Against the euro, the franc rose as much as 0.2 percent to 1.6028, its highest level since July 1, and was at 1.6043 as of 10:38 a.m. in Zurich, from 1.6060 yesterday. It was at 1.0073 per dollar, from 1.0092 yesterday, when it traded as high as 1.0012, the highest level since April 22.
Swiss sales per day, adjusted for inflation, increased 7.4 percent from a year earlier after dropping 9.4 percent the previous month, the Federal Statistics Office in Neuchatel said today.

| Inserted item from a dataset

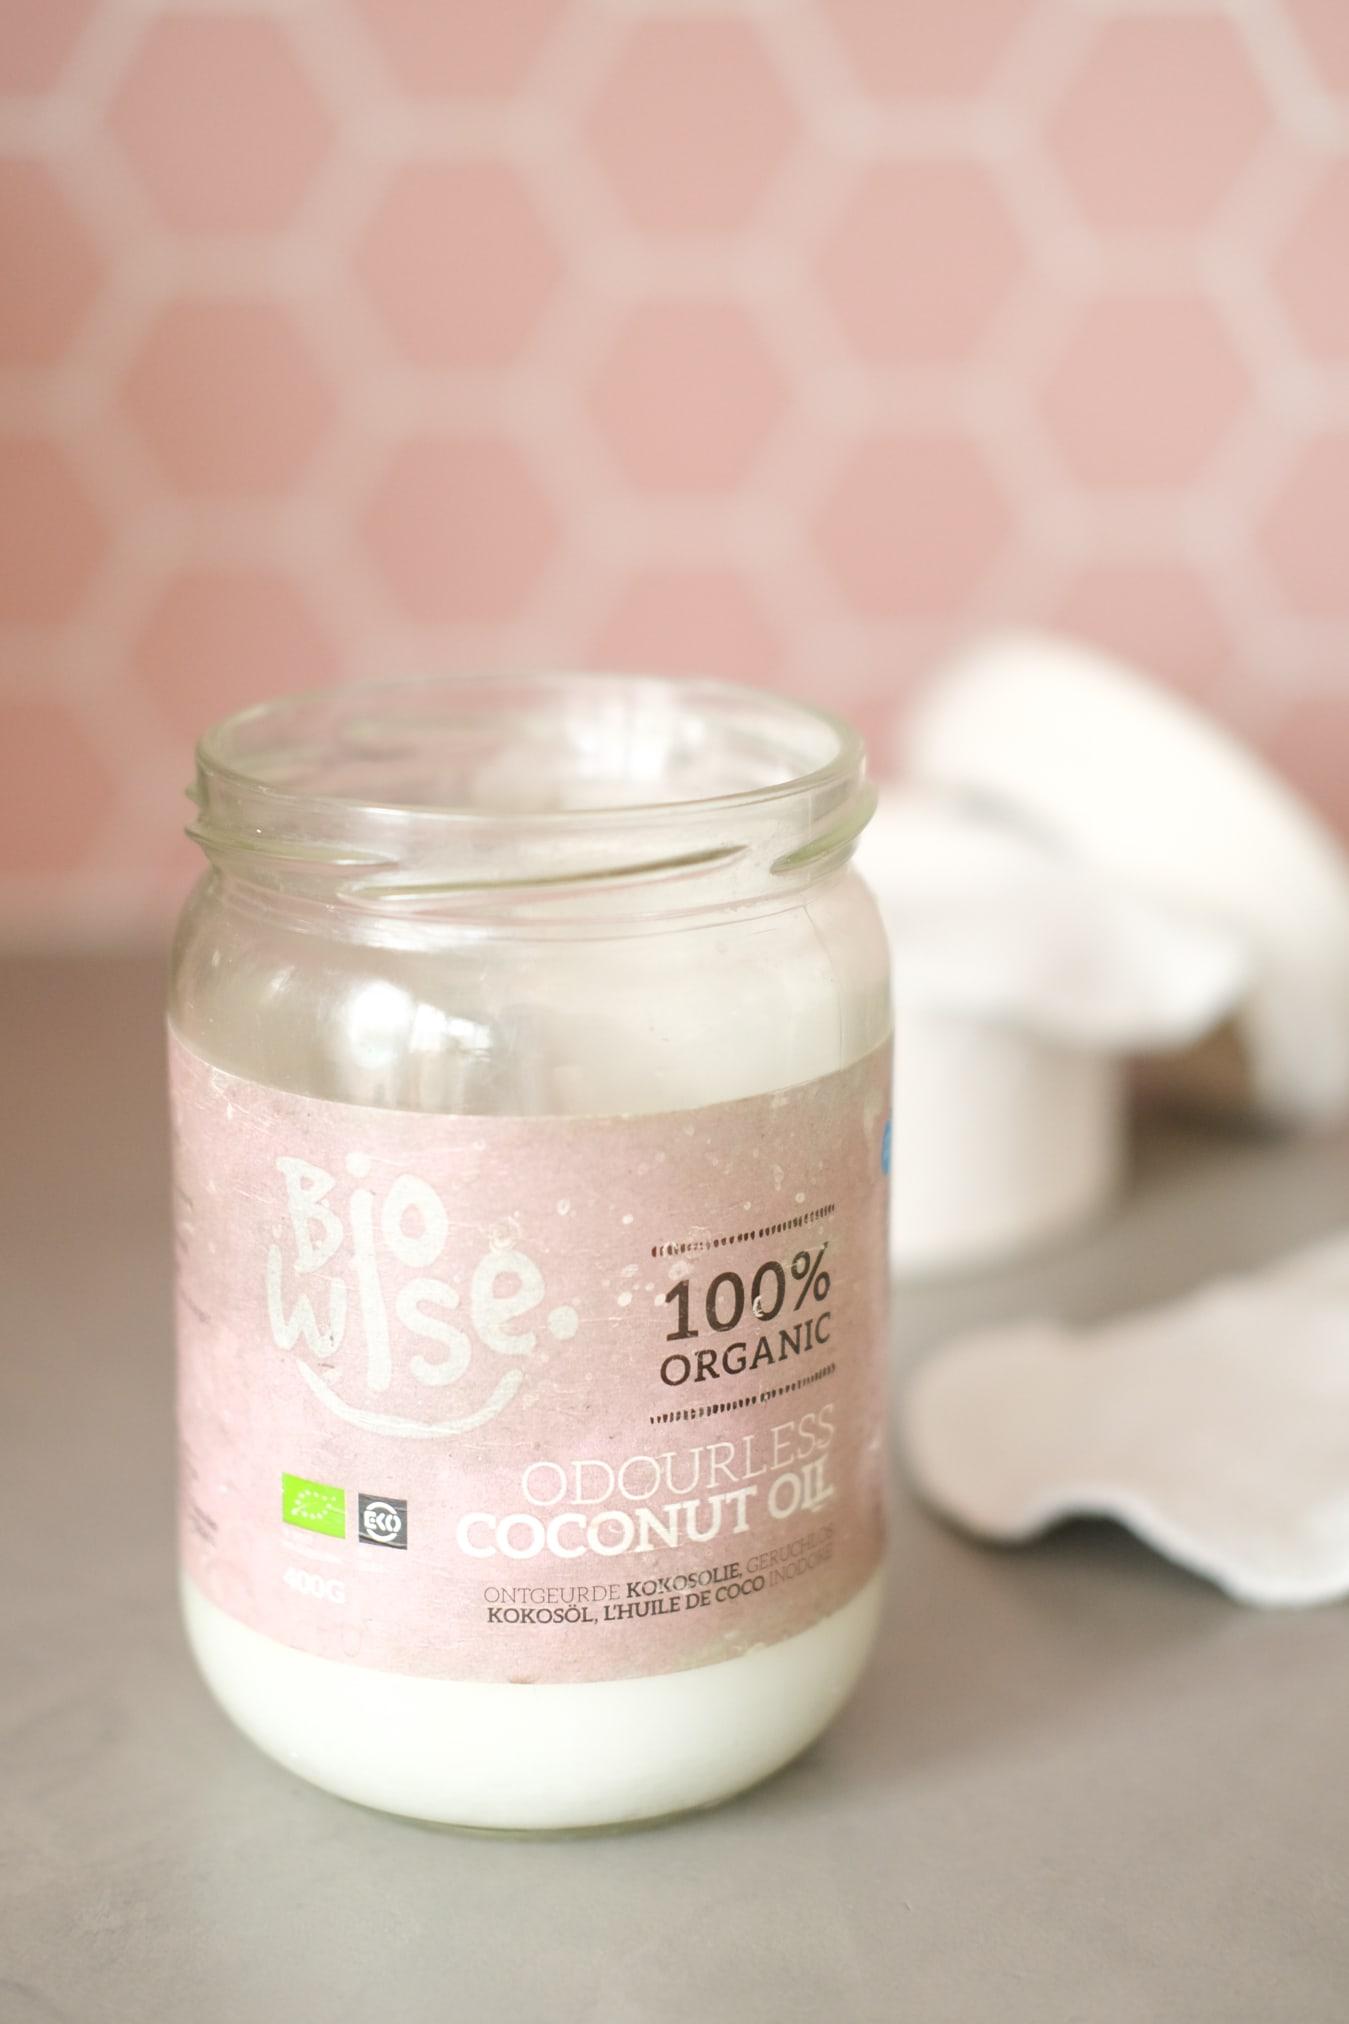 kokosolie make-up verwijderen
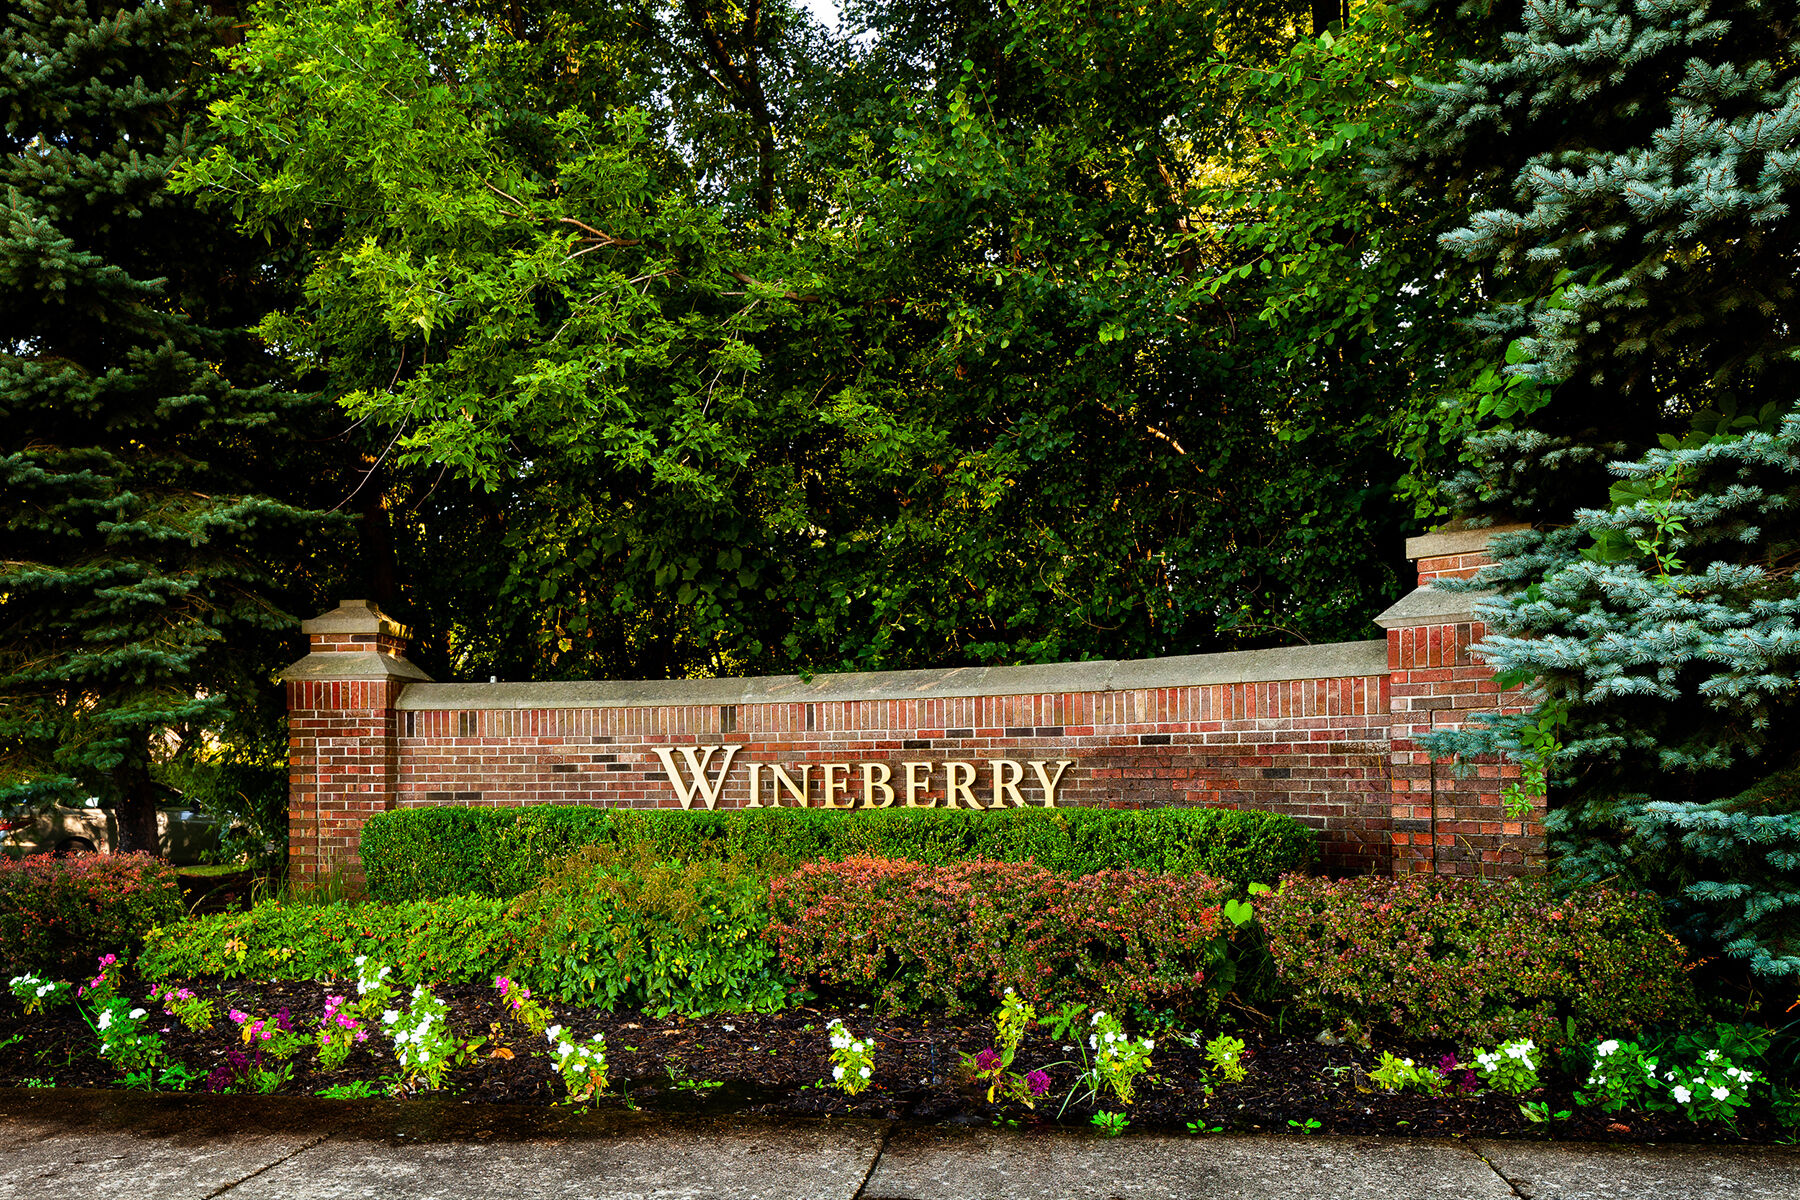 Wineberry Entrance

Economists expected sales to gain 3.8 percent in May, according to the median of five estimates in a Bloomberg survey.
SNB Governing Board member Thomas Jordan said policy makers will raise borrowing costs if they see the risk of a wage-price spiral developing, NZZ am Sonntag reported July 6, citing an interview.
Futures trading shows investors reduced bets on higher interest rates by the European Central bank this year, with the implied yield on the December Euribor futures contract declining 23 basis points since June 30 to 5.03 percent today.
Falling stock markets encouraged investors to reduce carry trades, in which investors borrow in a currency at a low interest rate and convert the proceeds into one they can lend out for a higher return. The Swiss Market Index dropped 0.4 percent, while the Dow Jones Euro Stoxx 600 Index, a European benchmark, held near the lowest level since May 2005.
Switzerland's main interest rate, at 2.75 percent, is the third-lowest among industrial countries after Japan and the U.S.